Given a certain group_size, 

$$\text{num_groups} = \text{replicas} // \text{group_size}$$

will be created.

Since this must be an integer, not all values of parameters are allowed.

You don't need to specify both the stride and the group_size.
- If you only specify the stride, the group_size is assumed to be `group_size = replicas//stride`.
- If you only specify the group_size, a unitary stride is assumed.
- The **default** group, created with `ir.replica_grouping()` is *all replicas in the same group*: a single group with `group_size=replicas` and `stride=1`.

A ReplicaGrouping defines an **assignment**. When a group is created, each IPU is given a number `0, ..., num_groups`. IPUs with the same number belong to the same group.

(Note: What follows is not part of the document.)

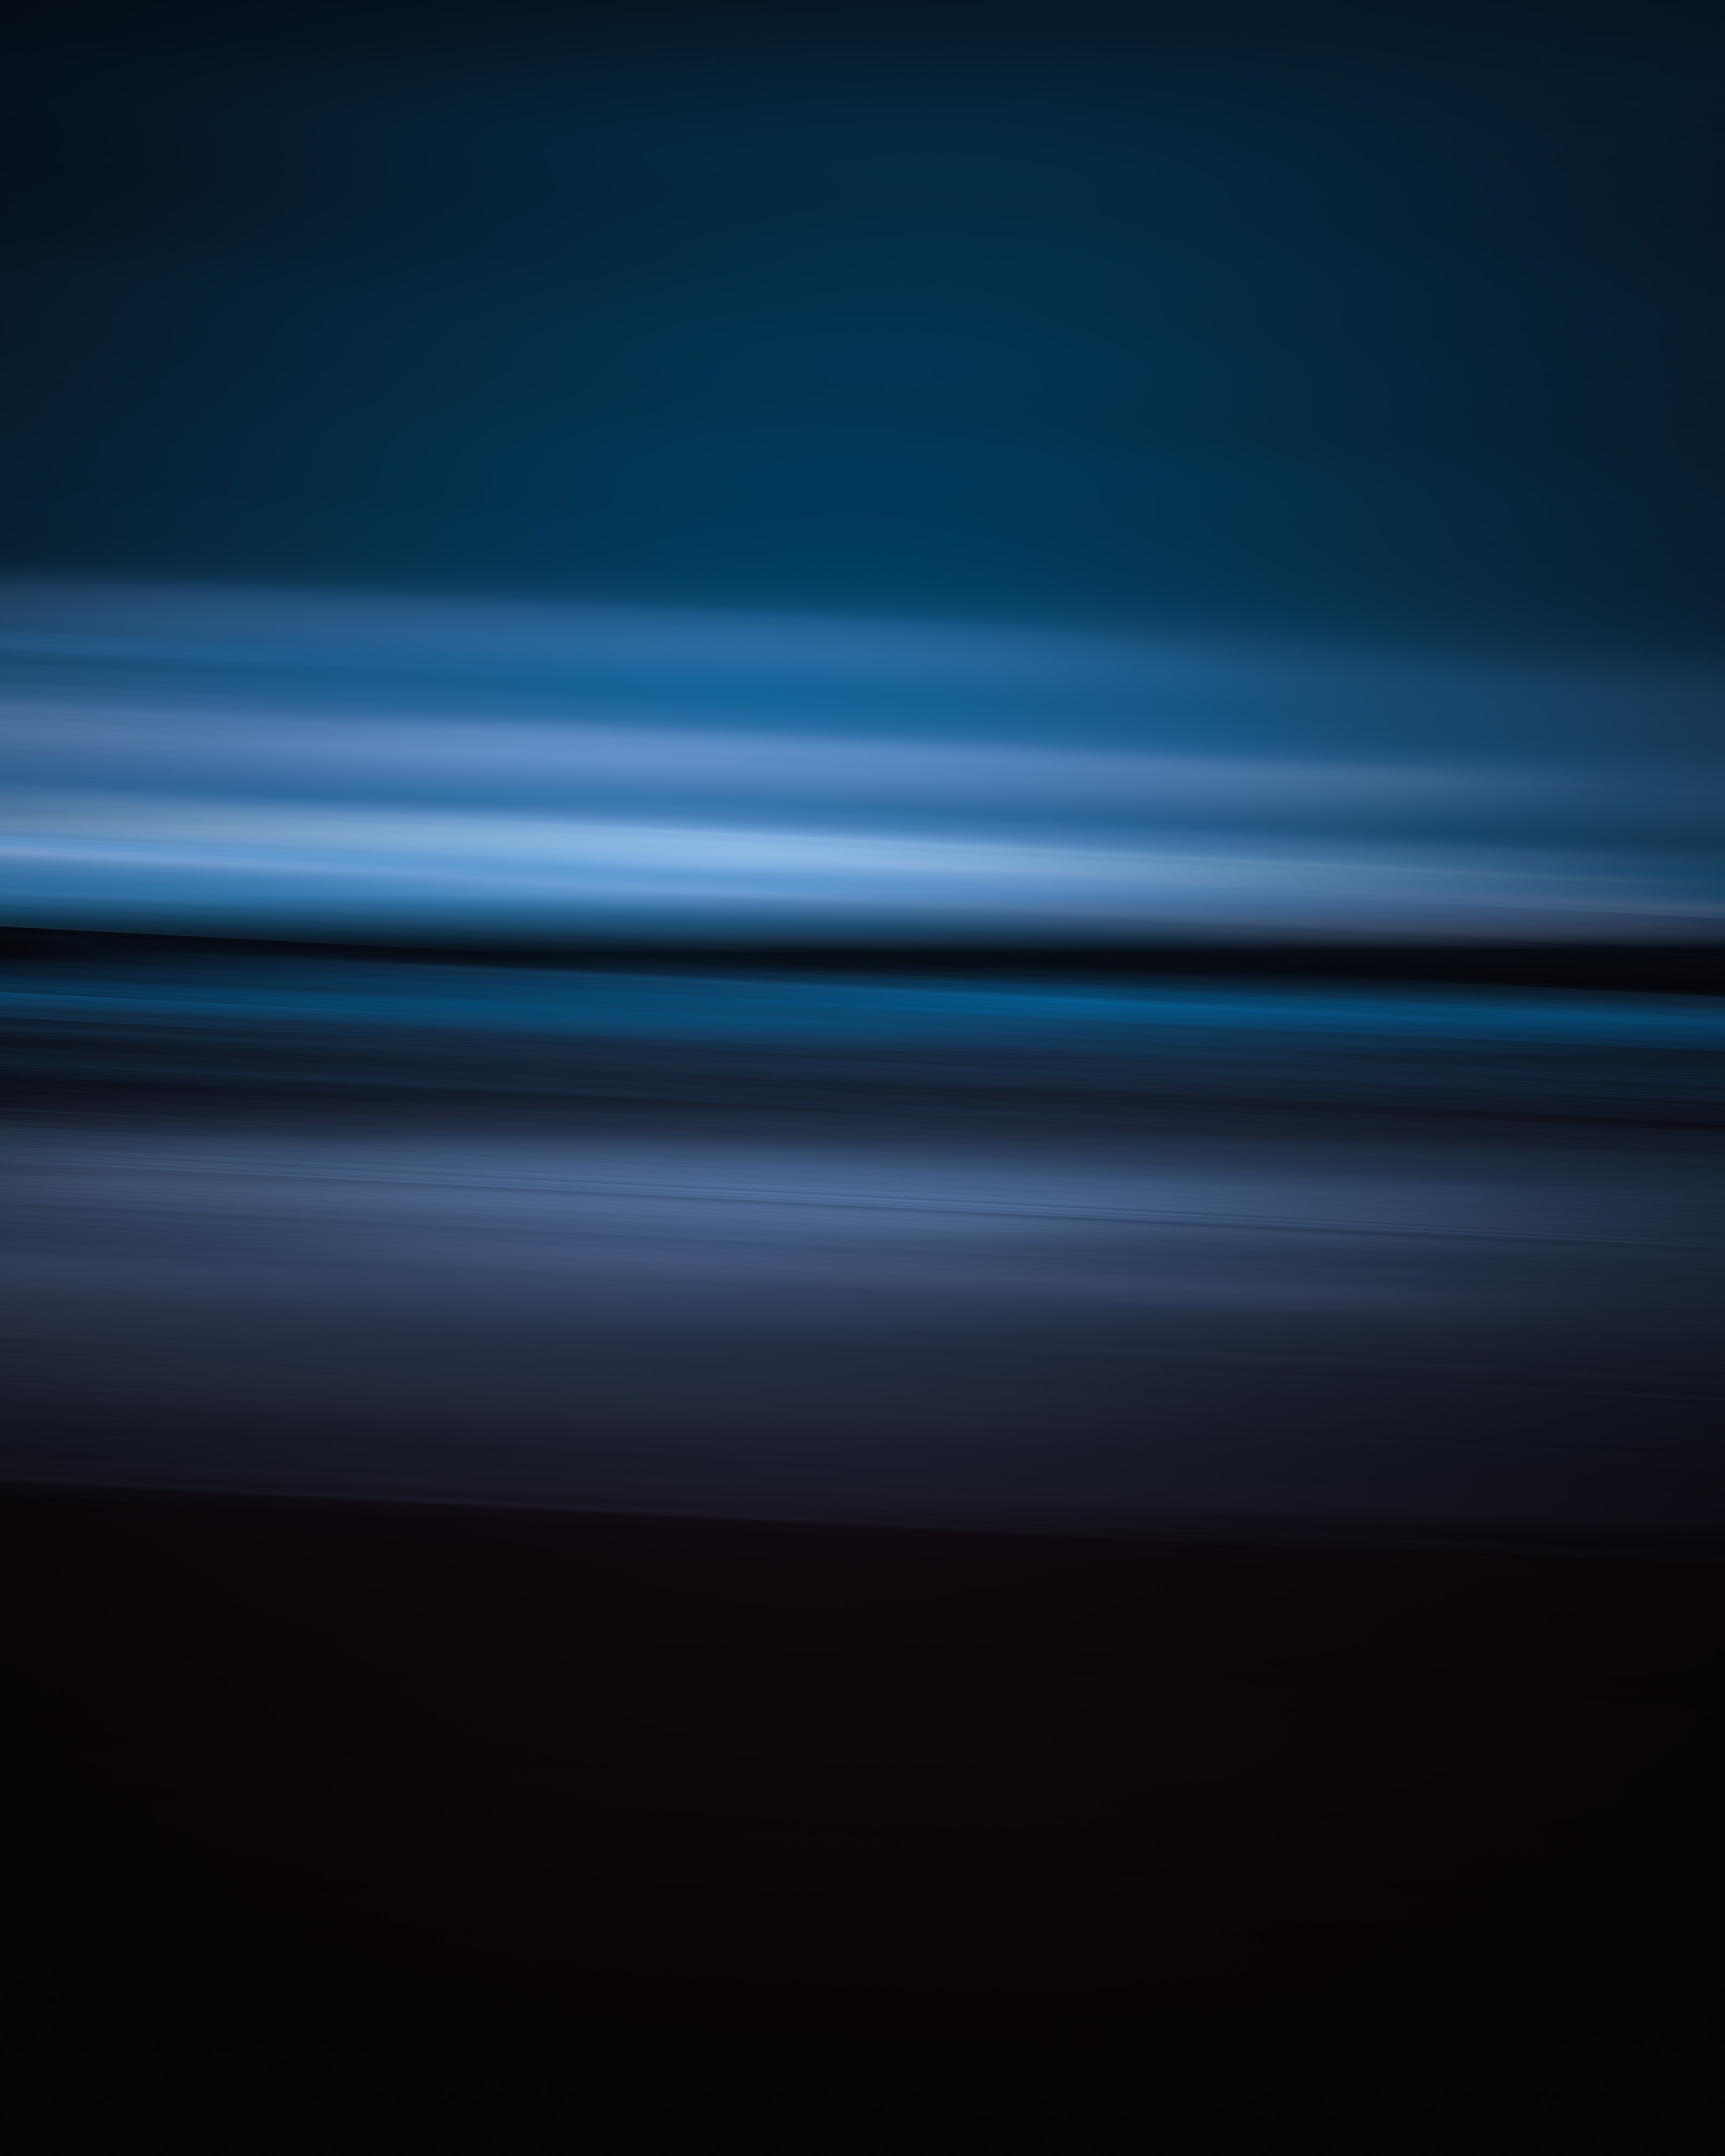 blur, streaks, stripes, blue, abstract, smooth, distortion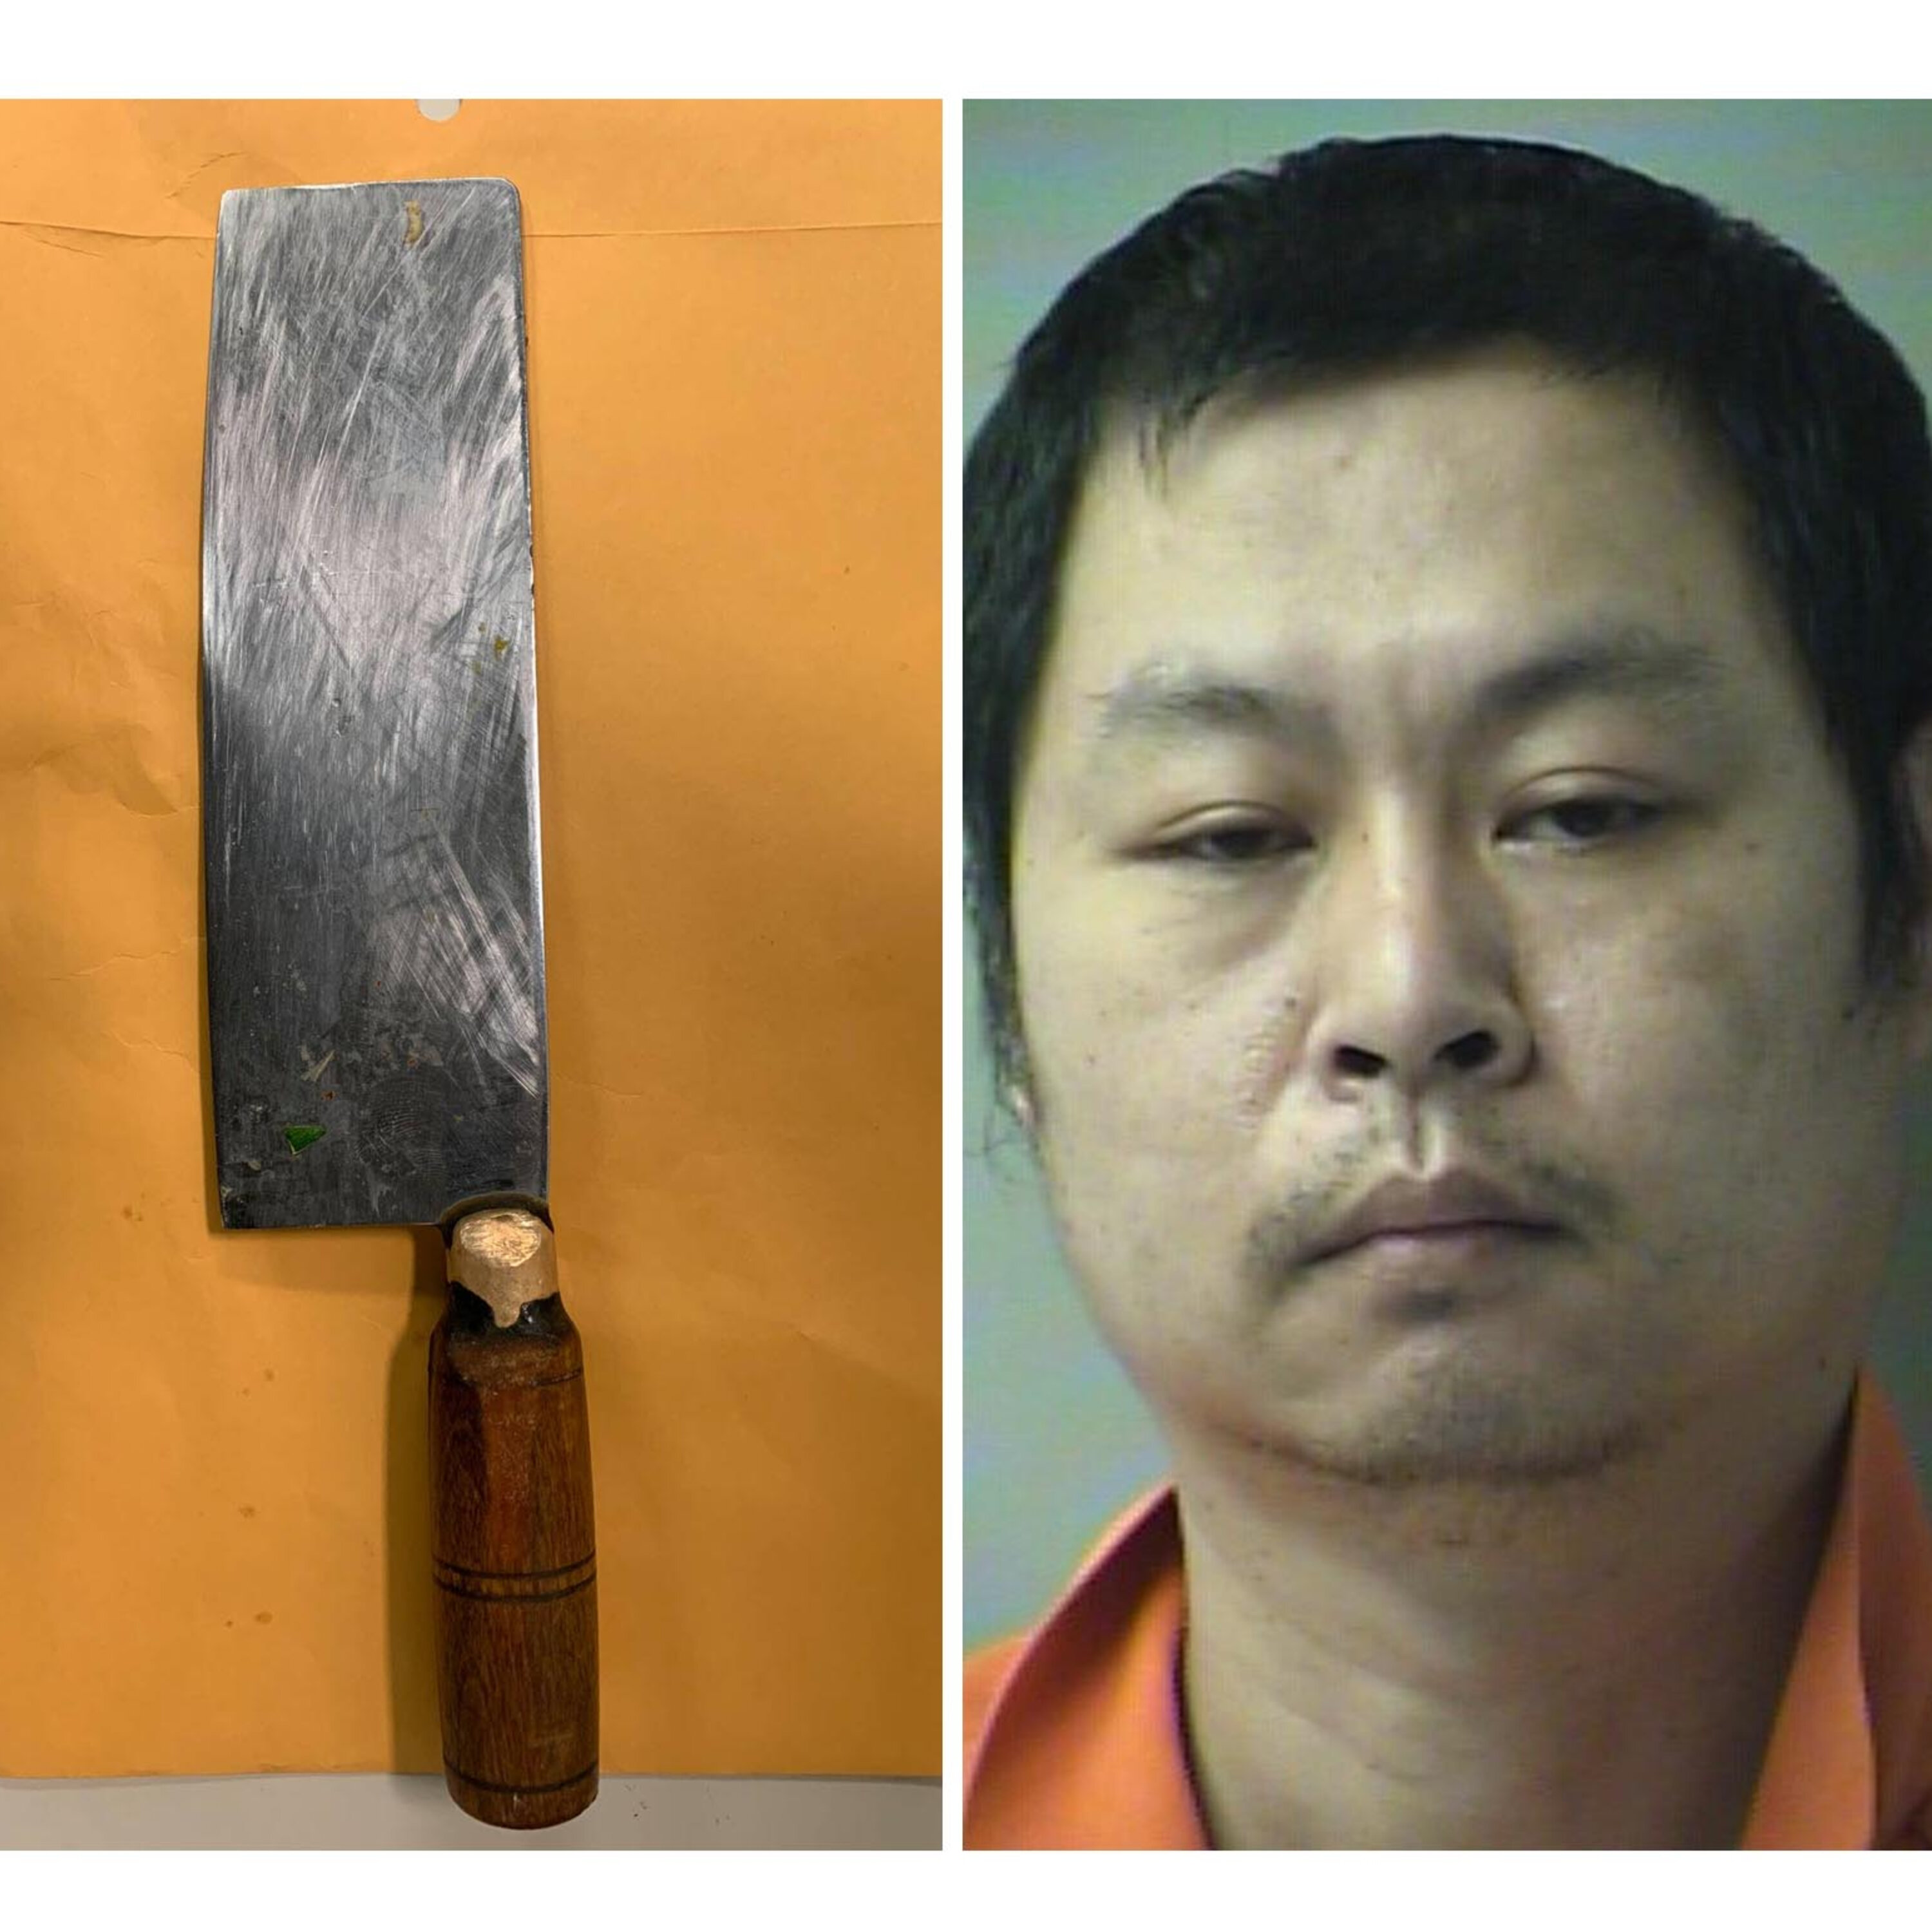 LISTEN: Shalimar man allegedly uses cleaver to threaten McDonald's manager, customer

Depending on your tastes, it may be more intuitive to think about groups in terms of assignments or in terms of IPU indices. 
In the cells below, we provide a short snippet that leverage both visualisations.

In [1]:
import popxl
import numpy as np
import popxl_addons as addons
from typing import Optional
from popxl import ReplicaGrouping
from popxl import ops

In [2]:
def print_rg(ipu_indices, rg):
    print("#######################################")
    print(rg)
    print("Assignment: ",rg.assignment)
    for i in range(rg.num_groups):
        print(f" Group {i} : ", ipu_indices[np.where(np.asarray(rg.assignment)==i)])

In [3]:
replicas = 8
ir = popxl.Ir(replication=replicas)
ipu_indices = np.arange(0, replicas)

rg = ir.replica_grouping(stride=1, group_size=4)
rg1 = ir.replica_grouping(stride=2, group_size=2)
rg2 = ir.replica_grouping(stride=4)
rg3 = ir.replica_grouping(group_size=2)
rg4 = ir.replica_grouping(stride=2, group_size=4)

print_rg(ipu_indices,rg)
print_rg(ipu_indices,rg1)
print_rg(ipu_indices,rg2)
print_rg(ipu_indices,rg3)
print_rg(ipu_indices,rg4)

#######################################
ReplicaGrouping(num_replicas=8, stride=1, group_size=4, num_groups=2)
Assignment:  [0, 0, 0, 0, 1, 1, 1, 1]
 Group 0 :  [0 1 2 3]
 Group 1 :  [4 5 6 7]
#######################################
ReplicaGrouping(num_replicas=8, stride=2, group_size=2, num_groups=4)
Assignment:  [0, 1, 0, 1, 2, 3, 2, 3]
 Group 0 :  [0 2]
 Group 1 :  [1 3]
 Group 2 :  [4 6]
 Group 3 :  [5 7]
#######################################
ReplicaGrouping(num_replicas=8, stride=4, group_size=2, num_groups=4)
Assignment:  [0, 1, 2, 3, 0, 1, 2, 3]
 Group 0 :  [0 4]
 Group 1 :  [1 5]
 Group 2 :  [2 6]
 Group 3 :  [3 7]
#######################################
ReplicaGrouping(num_replicas=8, stride=1, group_size=2, num_groups=4)
Assignment:  [0, 0, 1, 1, 2, 2, 3, 3]
 Group 0 :  [0 1]
 Group 1 :  [2 3]
 Group 2 :  [4 5]
 Group 3 :  [6 7]
#######################################
ReplicaGrouping(num_replicas=8, stride=2, group_size=4, num_groups=2)
Assignment:  [0, 1, 0, 1, 0, 1, 0, 1]


## Transpose of a ReplicaGrouping

ReplicaGrouping have `.transpose()` method that generates another group.
To understand what it is like, let's represent IPU indices as an array.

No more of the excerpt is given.